In this third example, I’m showing how to use embeddings and FAISS to implement semantic search. Semantic search allows us to find relevant documents based on meaning rather than simple keyword matching.

The process is relatively simple:

We convert the query into an embedding vector
We use FAISS to find the most similar vectors in the index
We retrieve the original documents corresponding to the found vectors

An interesting feature of FAISS is that it also returns a distance score (in this case, the L2 distance), which indicates how relevant the document is to the query. The lower the score, the more semantically similar the document is to the query.

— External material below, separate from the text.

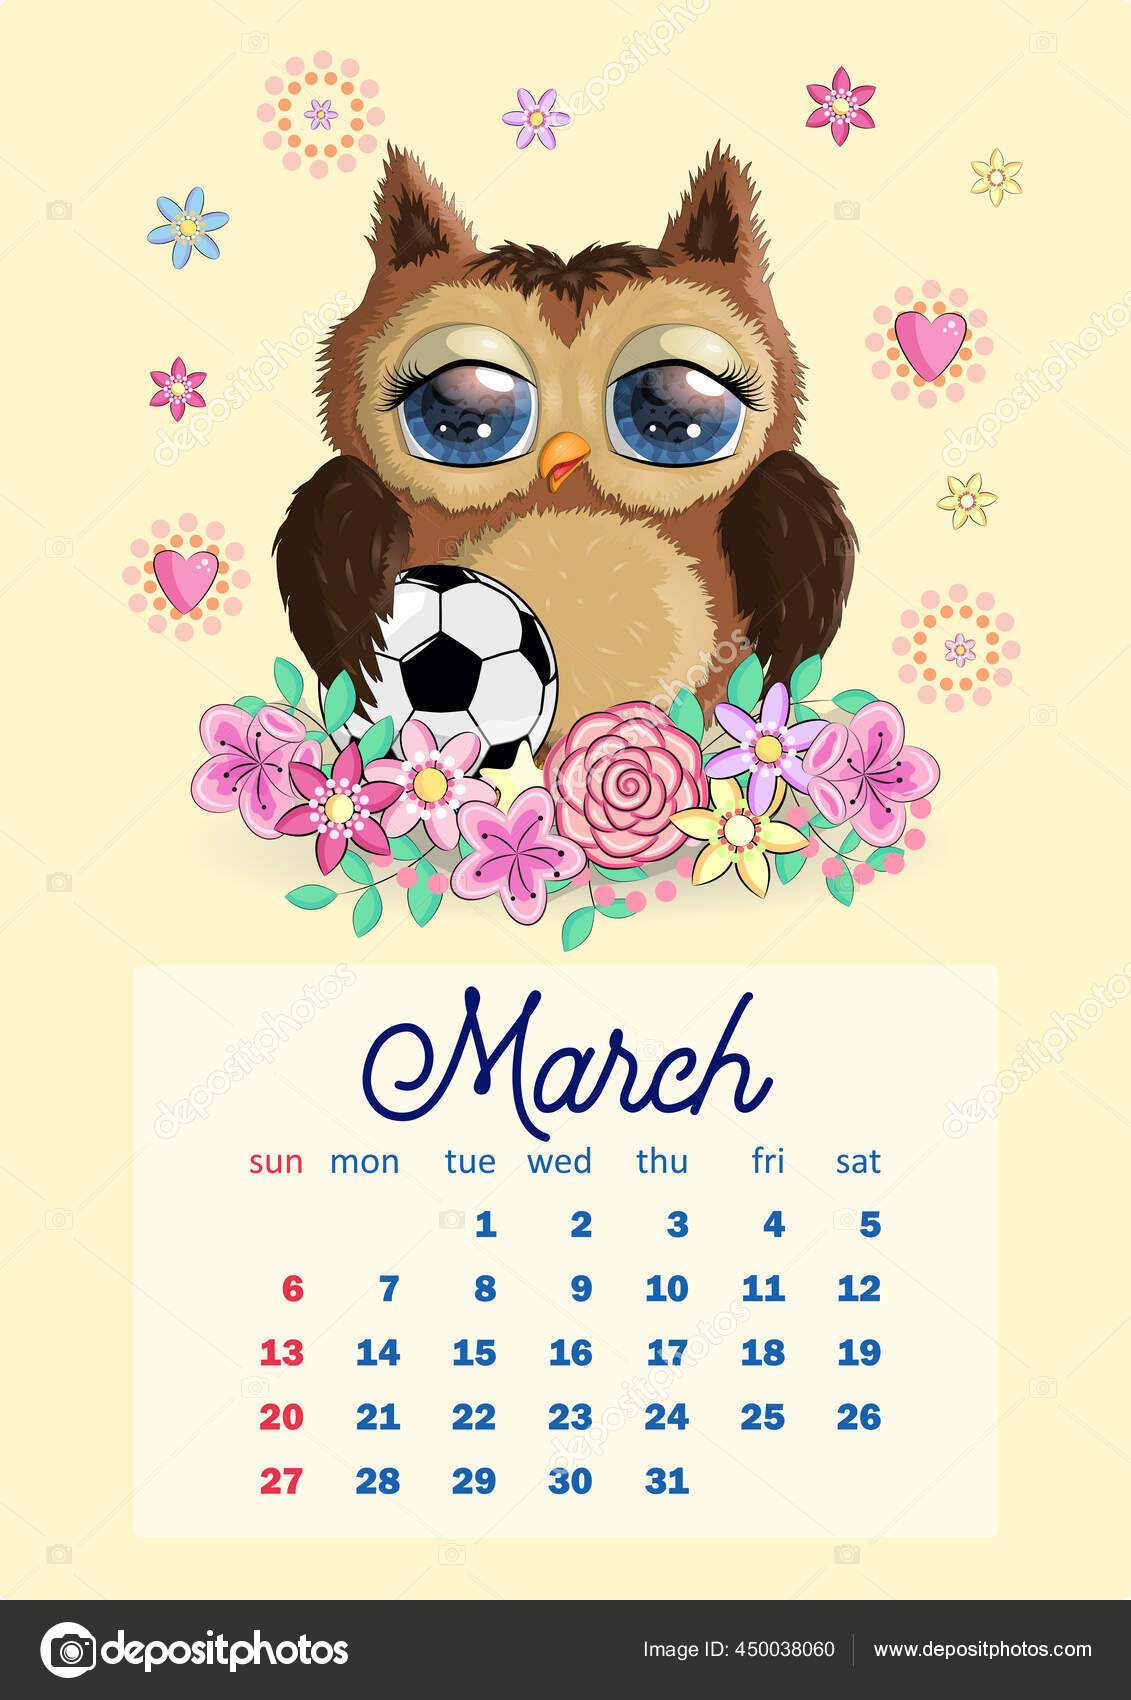 Cute Cartoon Owl Beautiful Eyes Wall Calendar Design Template 2022 Vector Image By C Michiru13 Vector Stock 450038060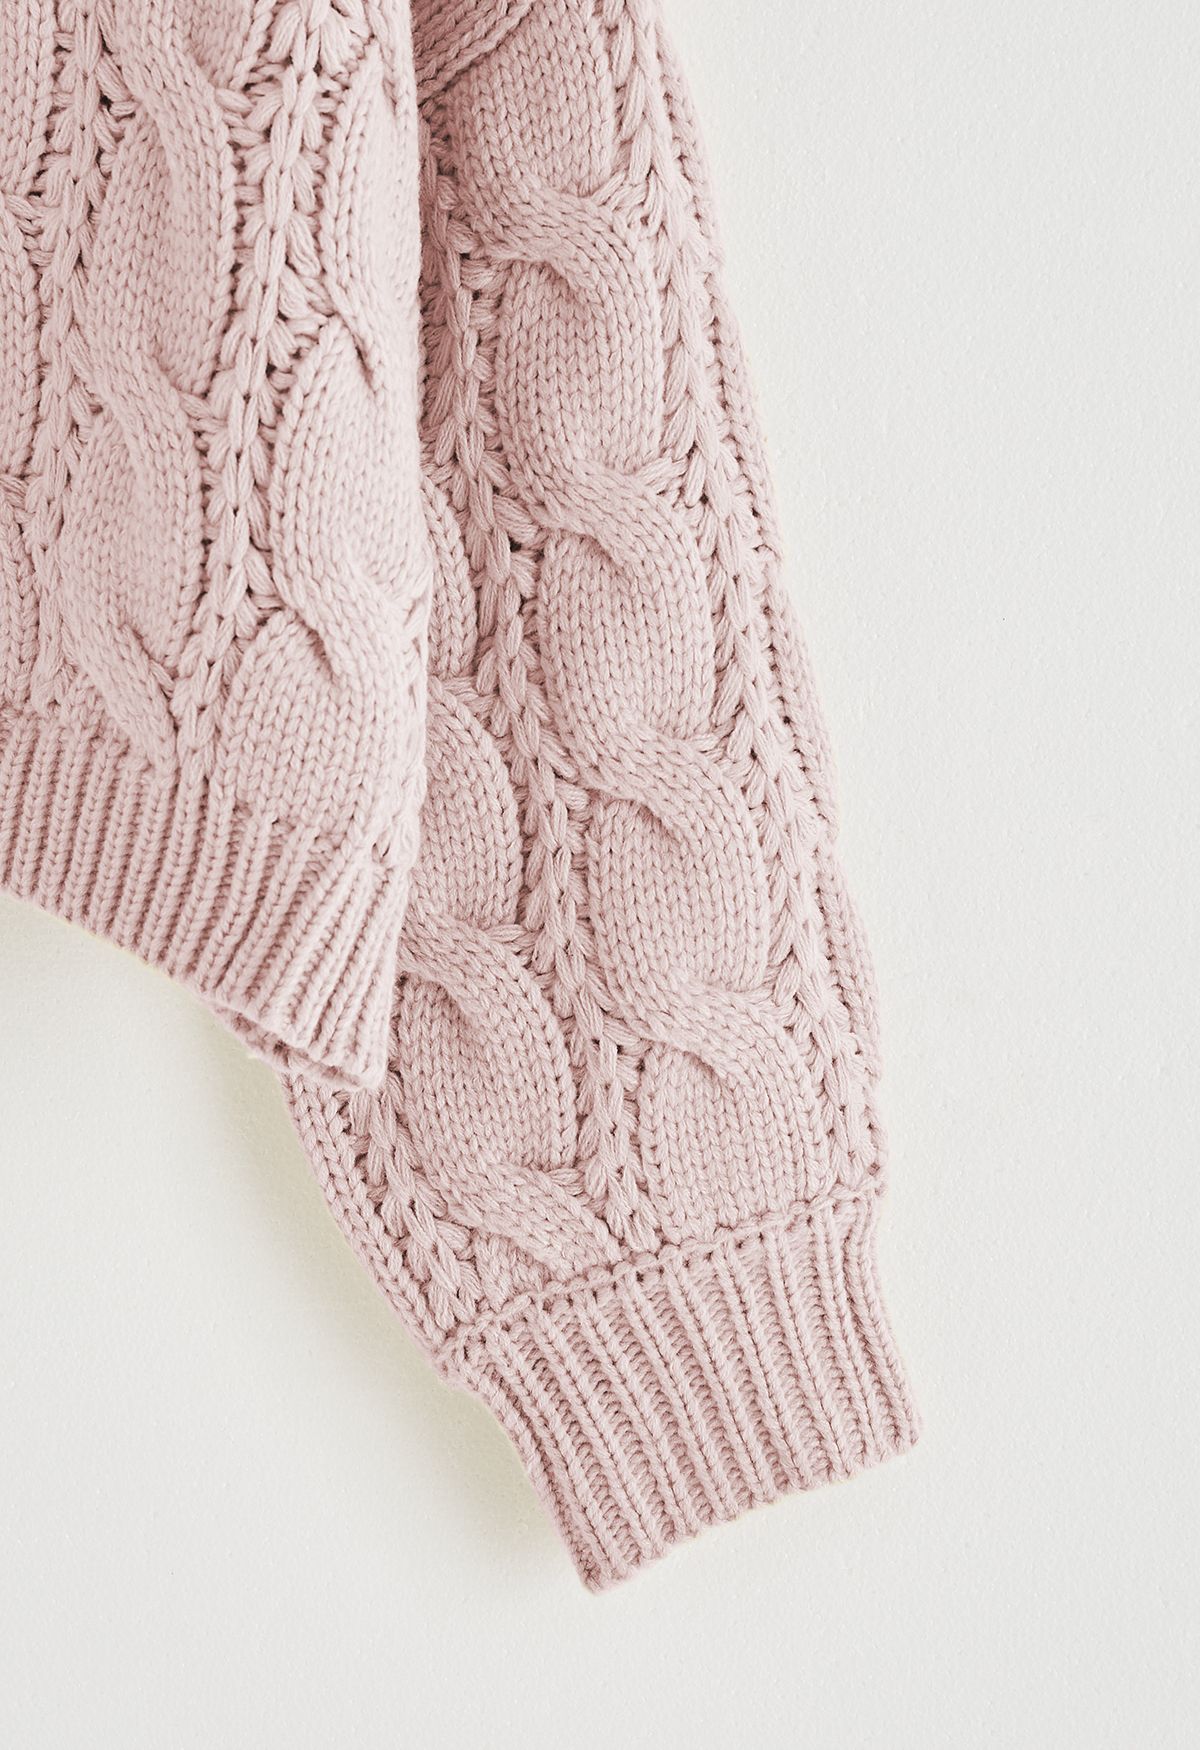 Turtleneck Braid Knit Crop Sweater in Pink

On Haiku, this type of semantic search works well even with the CPU, especially for moderately sized document collections.

Complete Implementation: Simple RAG System

Now let’s put together all the components we’ve seen so far to create a simple but functional RAG (Retrieval Augmented Generation) system:

import numpy as np
import os
from langchain.llms.llamacpp import LlamaCpp
from langchain_community.embeddings import LlamaCppEmbeddings
from langchain.prompts import PromptTemplate
import faiss

class SimpleRAGSystem:
    def __init__(self, llm_model_path, embed_model_path):
        """
        Initializes the RAG system

        Args:
            llm_model_path (str): Path to the LLM model
            embed_model_path (str): Path to the embedding model
        """
        # Initialize the LLM model
        self.llm = LlamaCpp(
            model_path=llm_model_path,
            temperature=0.7,
            max_tokens=512,
            n_ctx=2048,
            n_batch=512,
            verbose=False
        )

        # Initialize the embedding model
        self.embeddings = LlamaCppEmbeddings(
            model_path=embed_model_path,
            n_ctx=512,
            n_batch=32,
            verbose=False
        )

        # Prompt template for RAG
        self.prompt_template = PromptTemplate(
            input_variables=["context", "question"],
            template="""
            Use the following context to answer the question.

            Context:
            {context}

            Question: {question}

            Answer:
            """
        )

        # Storage for documents and FAISS index
        self.documents = []
        self.index = None
        self.is_index_built = False

    def add_documents(self, documents):
        """
        Adds documents to the knowledge base

        Args:
            documents (list): List of documents to add
        """
        self.documents.extend(documents)
        self.is_index_built = False

    def build_index(self):
        """
        Builds the FAISS index from documents
        """
        if not self.documents:
            print("No documents to index")
            return

        # Create embeddings for all documents
        embedded_documents = []
        for doc in self.documents:
            embed = self.embeddings.embed_query(doc)
            embedded_documents.append(embed)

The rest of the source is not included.